The data:
■ ■ ■ ■ ■

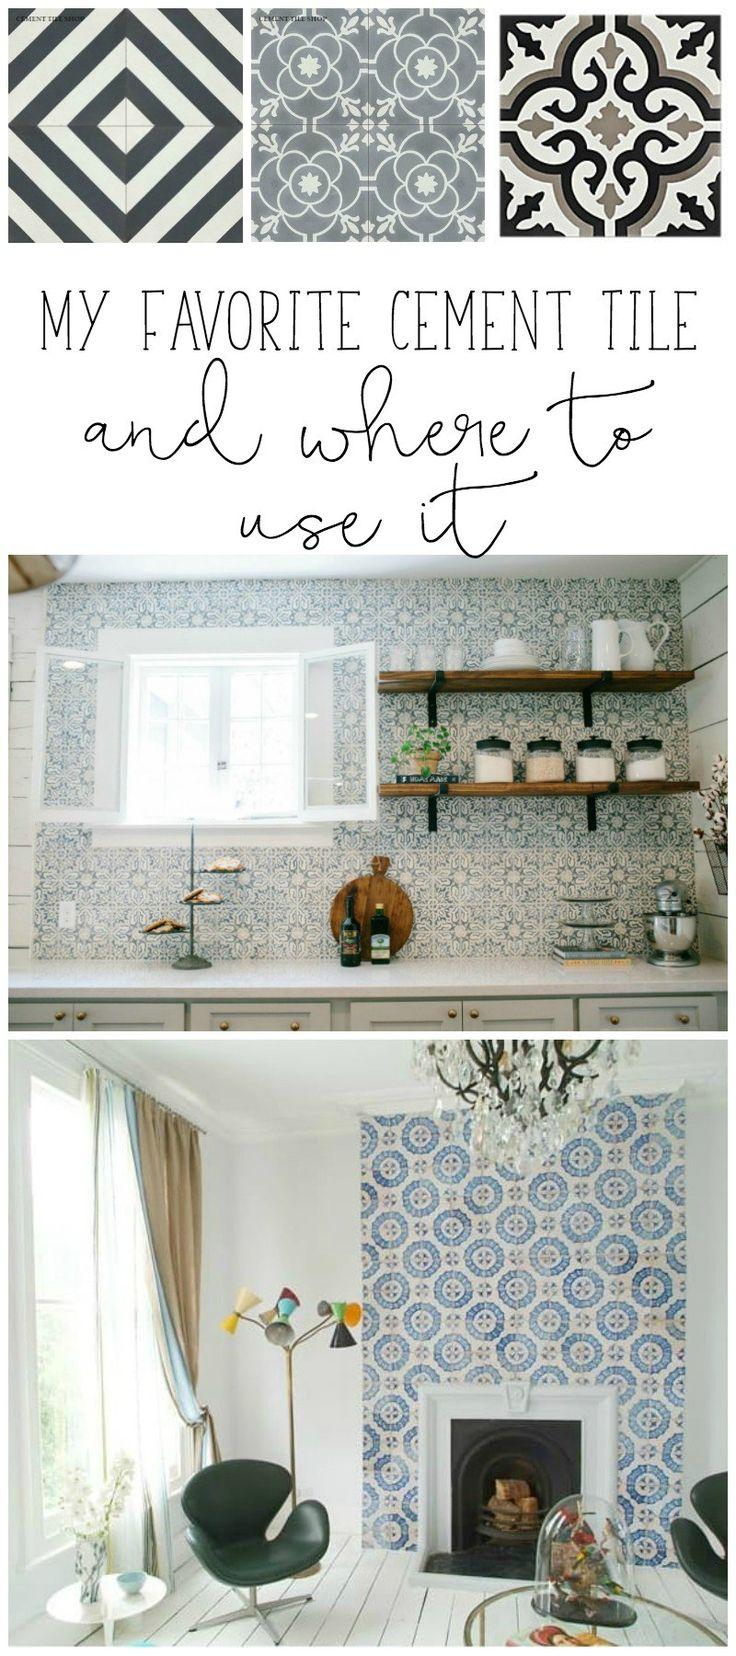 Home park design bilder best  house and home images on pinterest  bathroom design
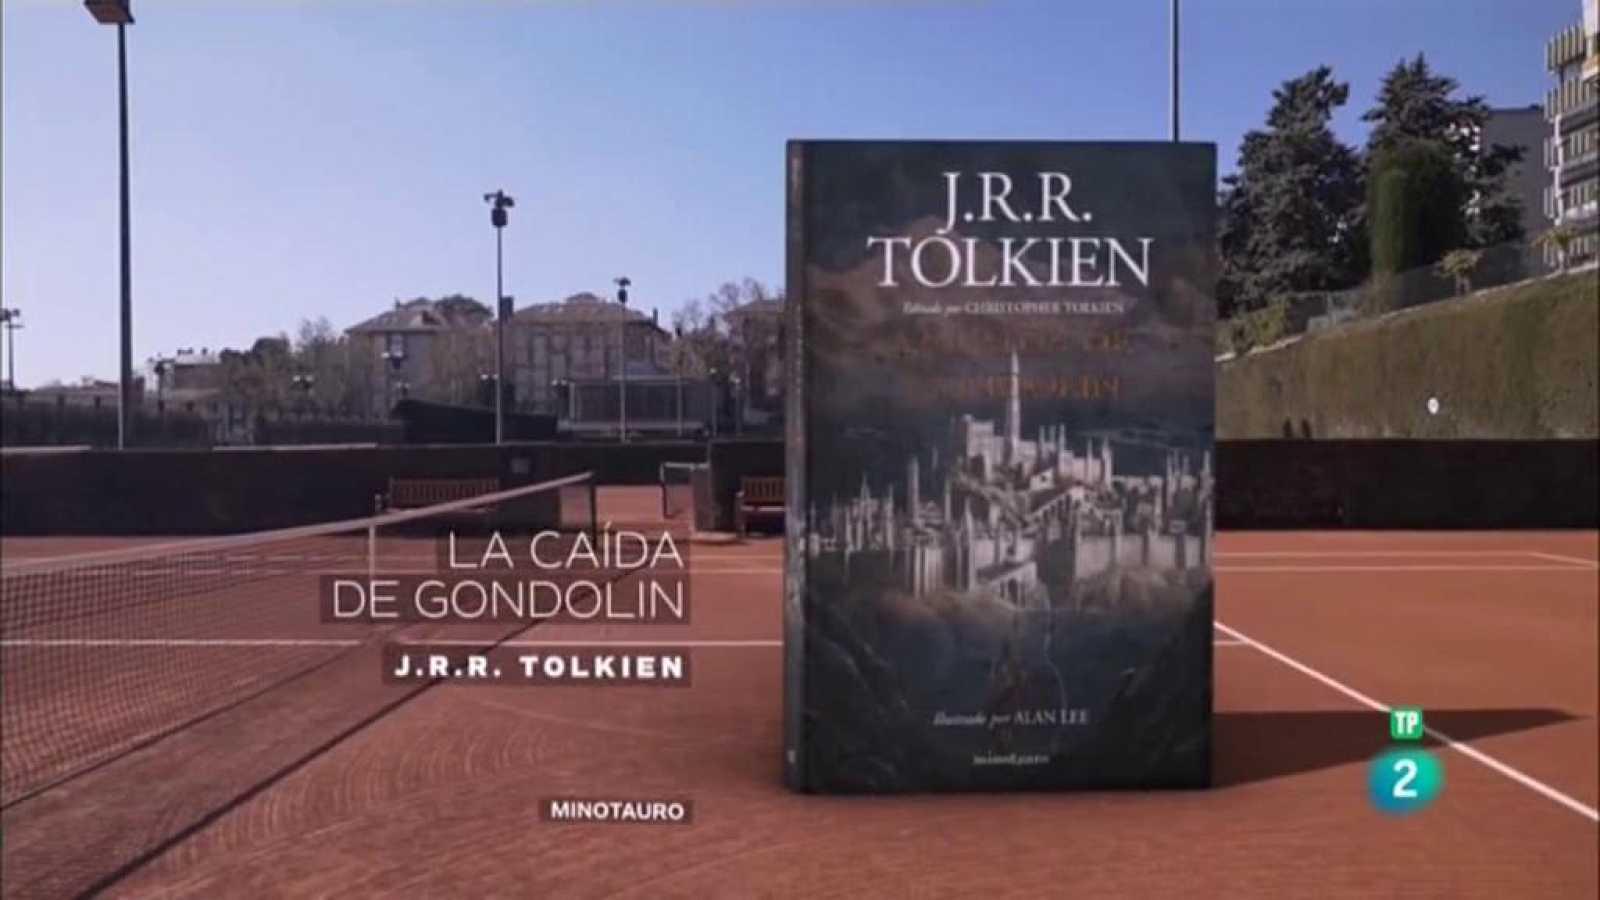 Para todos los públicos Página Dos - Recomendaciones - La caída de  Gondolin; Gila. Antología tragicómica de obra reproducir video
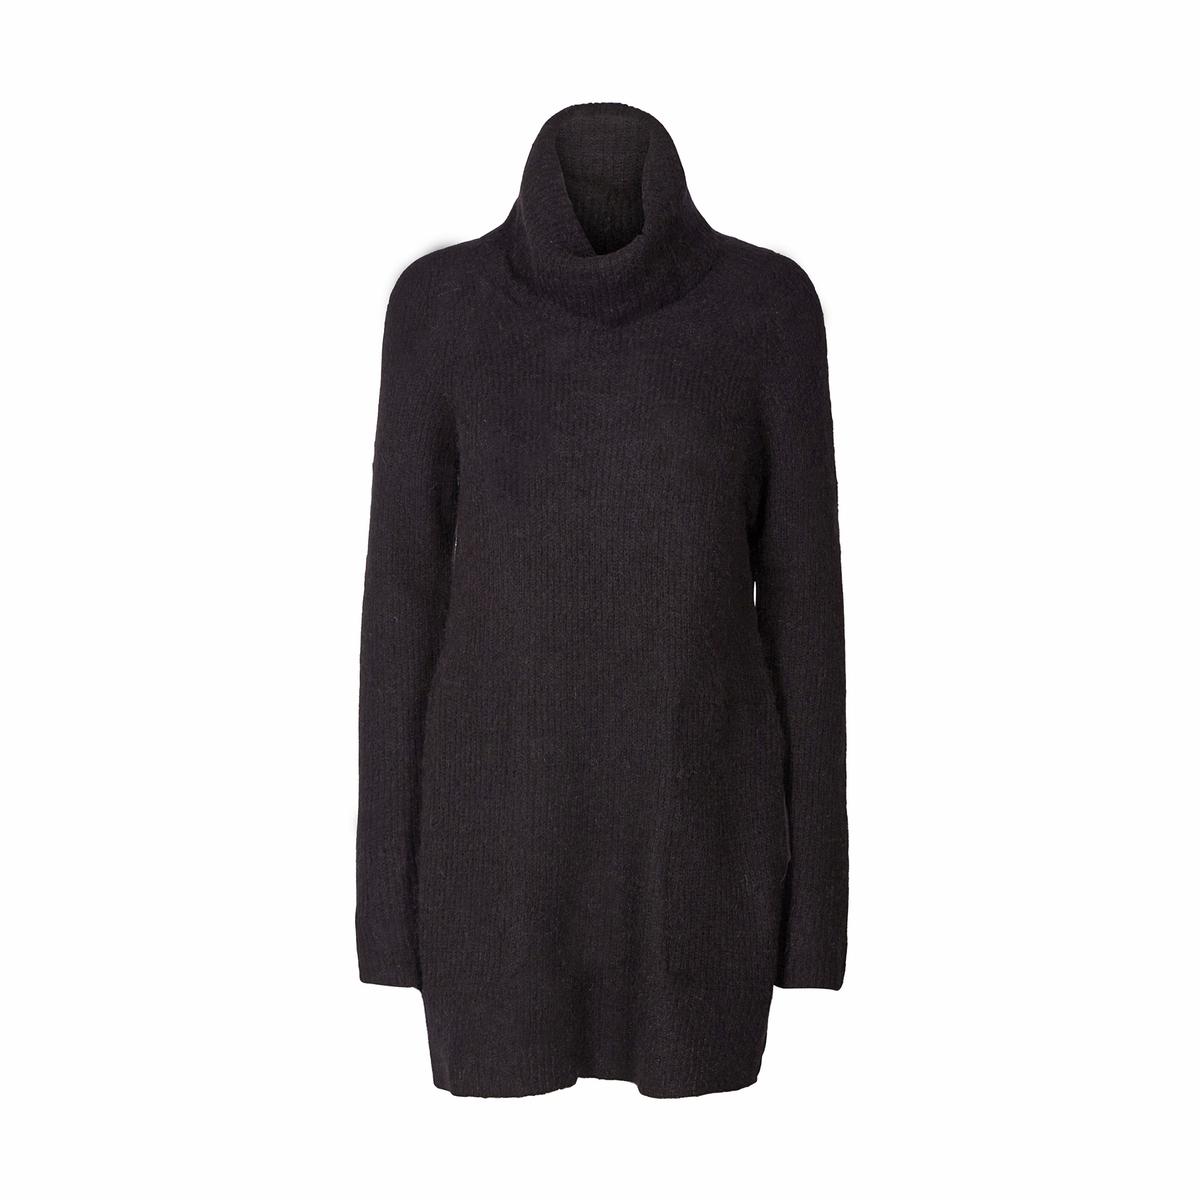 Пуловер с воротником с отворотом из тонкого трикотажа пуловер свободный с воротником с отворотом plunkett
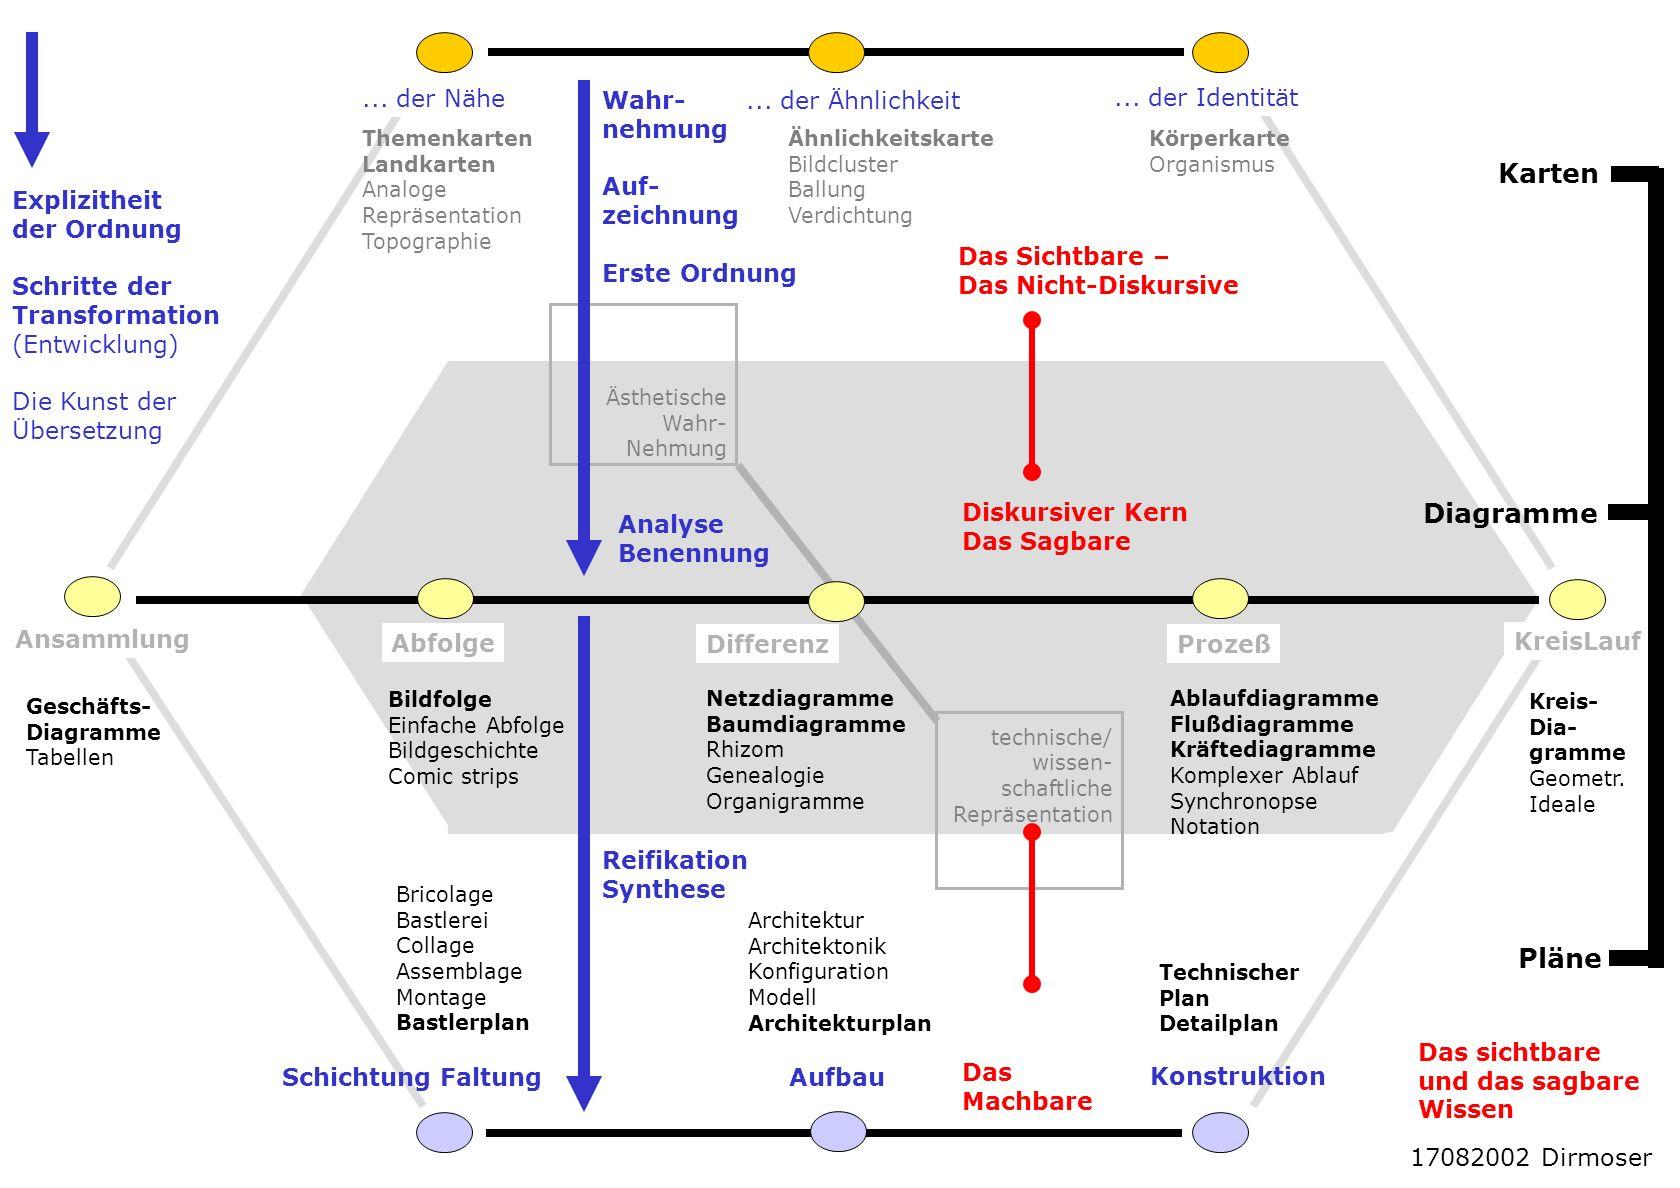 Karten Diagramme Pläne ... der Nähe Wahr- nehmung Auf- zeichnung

■ ■ ■ ■ ■

Print the material above word for word, first line through the line with "Пуловер с воротником", and leave every picture out.

 Home park design bilder best  house and home images on pinterest  bathroom design
 Para todos los públicos Página Dos - Recomendaciones - La caída de  Gondolin; Gila. Antología tragicómica de obra reproducir video
 Пуловер с воротником с отворотом из тонкого трикотажа пуловер свободный с воротником с отворотом plunkett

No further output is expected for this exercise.